Show ObjectConstructor Diagram

"{" ( Expr ( ":" Expr )? ( "," Expr ( ":" Expr )? )* )? "}"

ObjectConstructor

Show KeyspaceName Diagram

Identifier ( "." Identifier "." Identifier )?

KeyspaceName

Example

This example adds a collection for French breweries and associates it with the remote link to Capella. As a prerequisite for running this example yourself, follow the add sample data procedures to add a remote link and collections to Capella Analytics.

Example

  CREATE COLLECTION remoteCapella.remoteBeer.beerFrance
    ON `beer-sample`._default._default
    AT capellaLink
    WHERE country = "France";

This following example creates a new collection named analytics.Commerce.customers that shadows data from a remote source using the capellaLink. The CustomerTransform function must be created with a CREATE TRANSFORM FUNCTION statement before it can be used here. It then applies the CustomerTransform function to automatically transform incoming data before storing it in the collection.

Example

CREATE TRANSFORM FUNCTION analytics.Commerce.CustomerTransform (cust) {
    SELECT
        c.*,
        (c.address.street || ', ' || c.address.city || ', ' || c.address.zipcode) AS location
    FROM [cust] AS c
};

CREATE COLLECTION analytics.Commerce.customers
    ON `donc-book-sample`.Commerce.customers AT capellaLink
    APPLY FUNCTION analytics.Commerce.CustomerTransform;

Arguments

WITH: The optional WITH clause enables you to specify parameters for the remote Couchbase collection. Its ObjectConstructor represents a JSON object containing key-value pairs.
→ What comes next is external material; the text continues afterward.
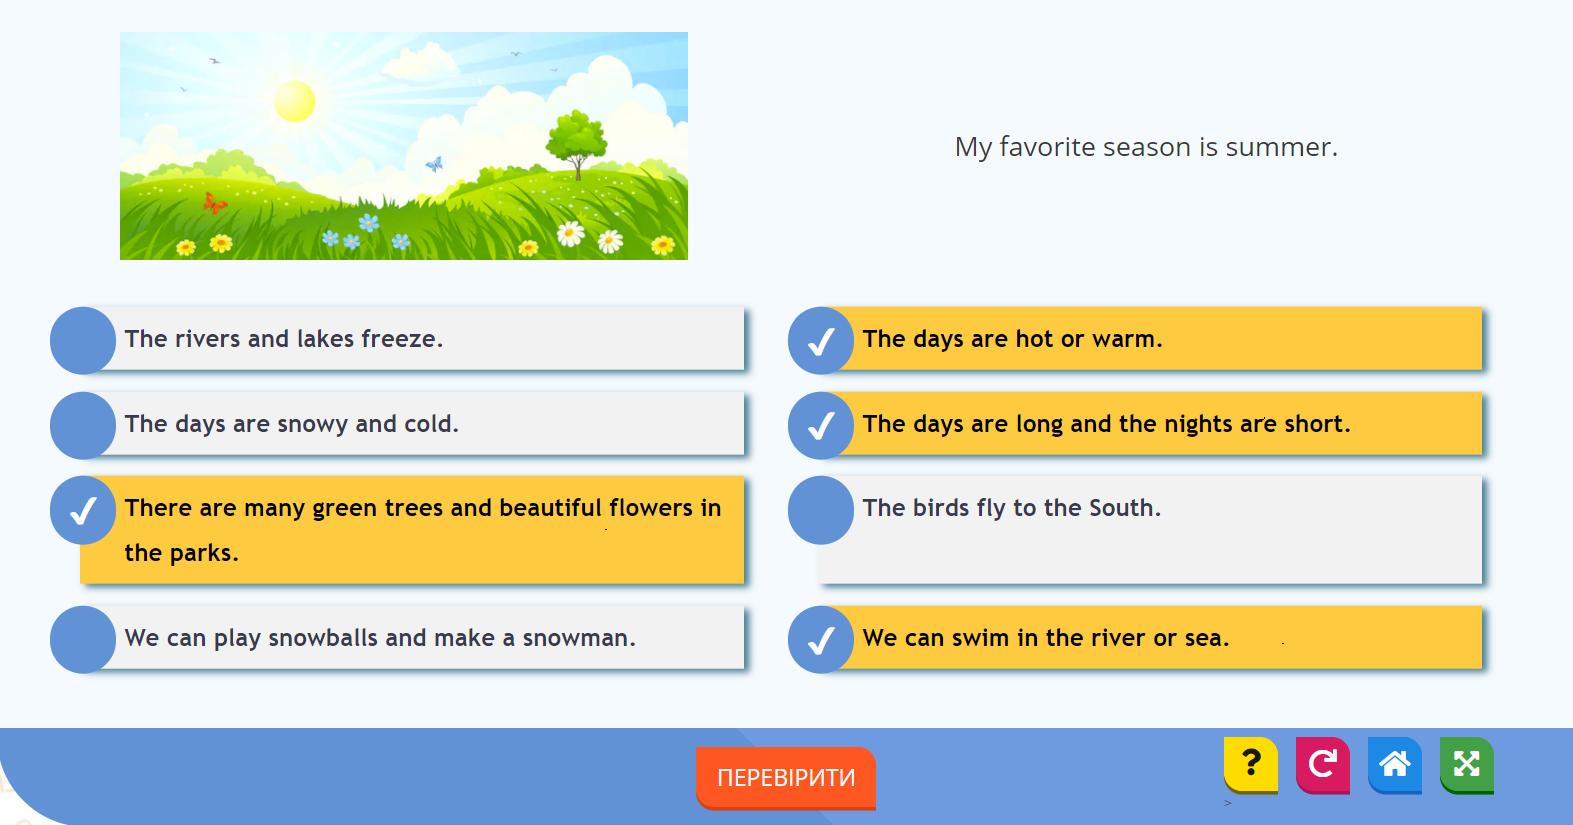 Seasons. SUMMER.

The optional storage-block-compression parameter determines the storage compression used for this collection. This parameter takes a nested object value, scheme. Possible values for scheme are snappy or none. The default storage compression scheme is snappy.

ON: The ON clause specifies the data source for the collection. The `Identifier`s in this clause represent a bucket name, followed by an optional scope name and collection name, on the remote Couchbase Server or Capella cluster.

AT: The AT clause specifies the name of the link that contains credentials for the bucket. The specified link must have a type of Couchbase.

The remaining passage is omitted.